We naïvely attempt to apply the rule of thumb given above and note that the dominant term in the expression of the series is \(1/n^2\text{.}\) Knowing that \(\ds \infser \frac1{n^2}\) converges, we attempt to apply the Limit Comparison Test:

\begin{align*}
\lim_{n\to\infty}\frac{(\sqrt{n}+3)/(n^2-n+1)}{1/n^2} \amp = \lim_{n\to\infty}\frac{n^2(\sqrt n+3)}{n^2-n+1}\\
\amp = \infty \text{ (Apply L'Hospital's Rule) } \text{.}
\end{align*}

Theorem 9.3.9 part (3) only applies when

\(\ds\infser b_n\) diverges; in our case, it converges. Ultimately, our test has not revealed anything about the convergence of our series.

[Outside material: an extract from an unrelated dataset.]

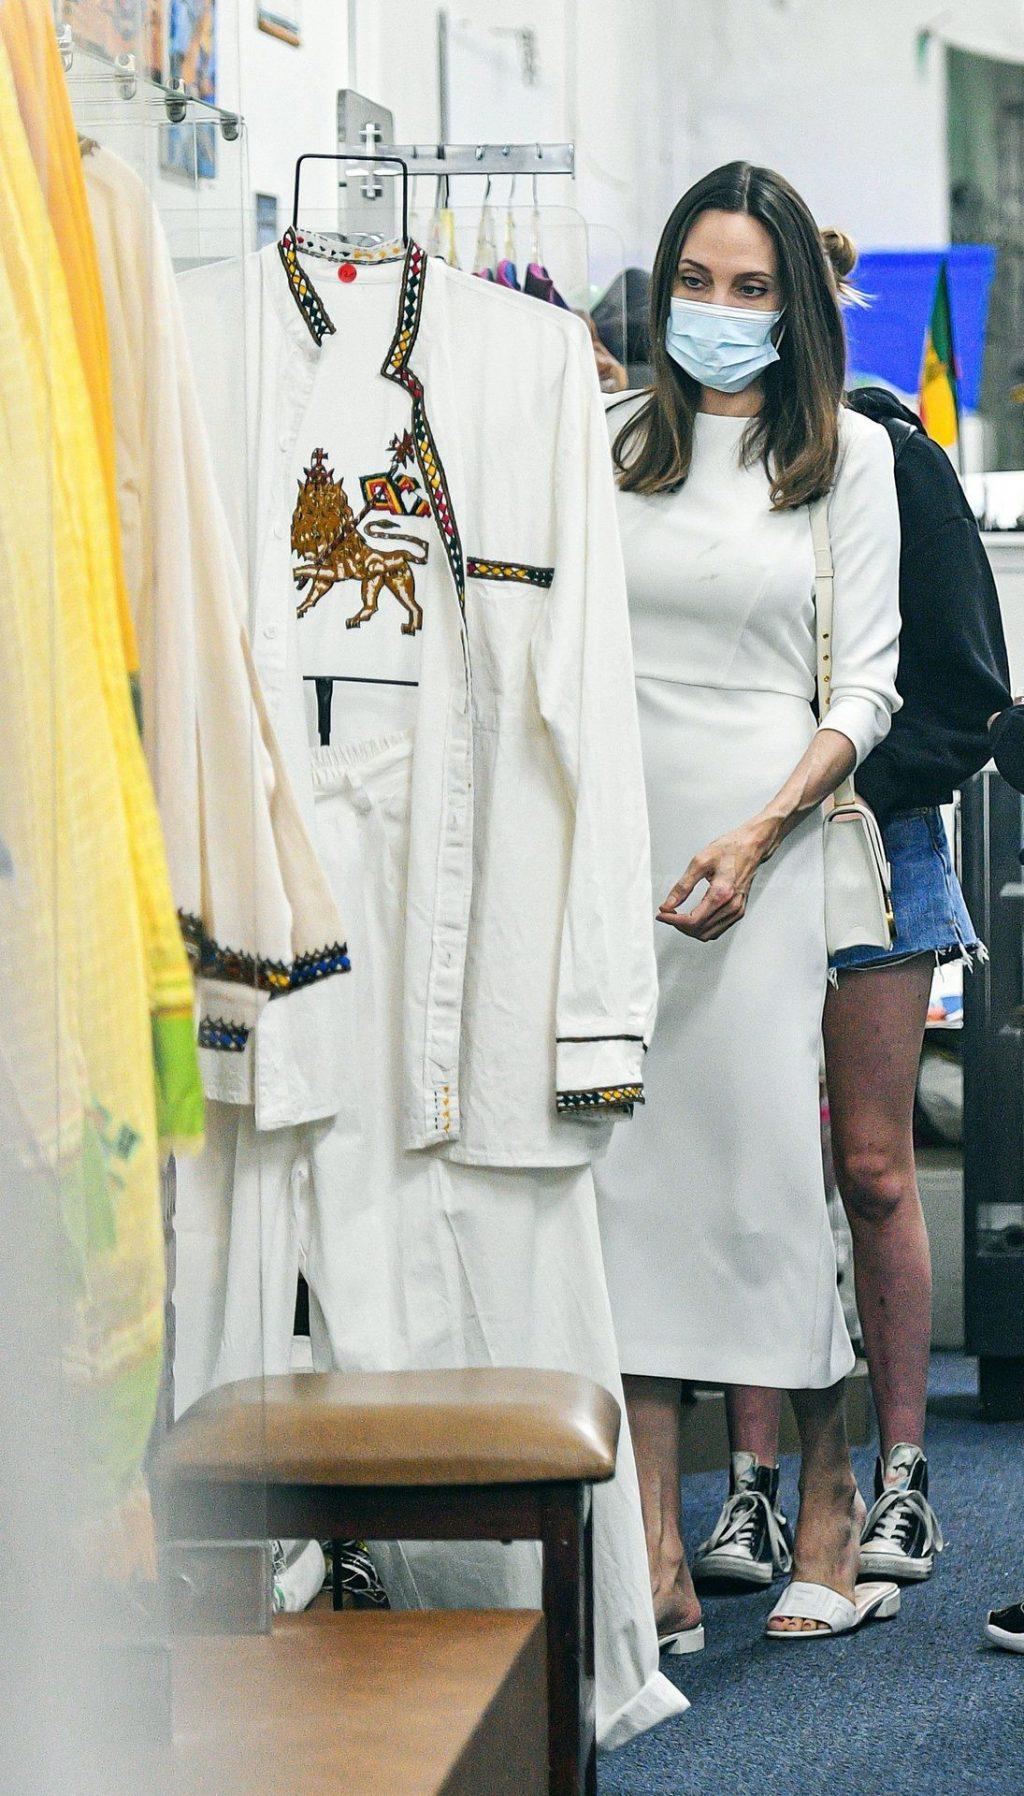 Angelina Jolie Shops at an Ethiopian Boutique Store in LA (73 Photos)

The problem is that we chose a poor series with which to compare. Since the numerator and denominator of the terms of the series are both algebraic functions, we should have compared our series to the dominant term of the numerator divided by the dominant term of the denominator.

The dominant term of the numerator is \(n^{1/2}\) and the dominant term of the denominator is \(n^2\text{.}\) Thus we should compare the terms of the given series to \(n^{1/2}/n^2 = 1/n^{3/2}\text{:}\)

\begin{align*}
\lim_{n\to\infty}\frac{(\sqrt{n}+3)/(n^2-n+1)}{1/n^{3/2}} \amp = \lim_{n\to \infty} \frac{n^{3/2}(\sqrt n+3)}{n^2-n+1}\\
\amp = 1 \text{ (Apply L'Hospital's Rule) } \text{.}
\end{align*}

Since the \(p\)-series \(\ds\infser \frac1{n^{3/2}}\) converges, we conclude that \(\ds\infser \frac{\sqrt{n}+3}{n^2-n+1}\) converges as well.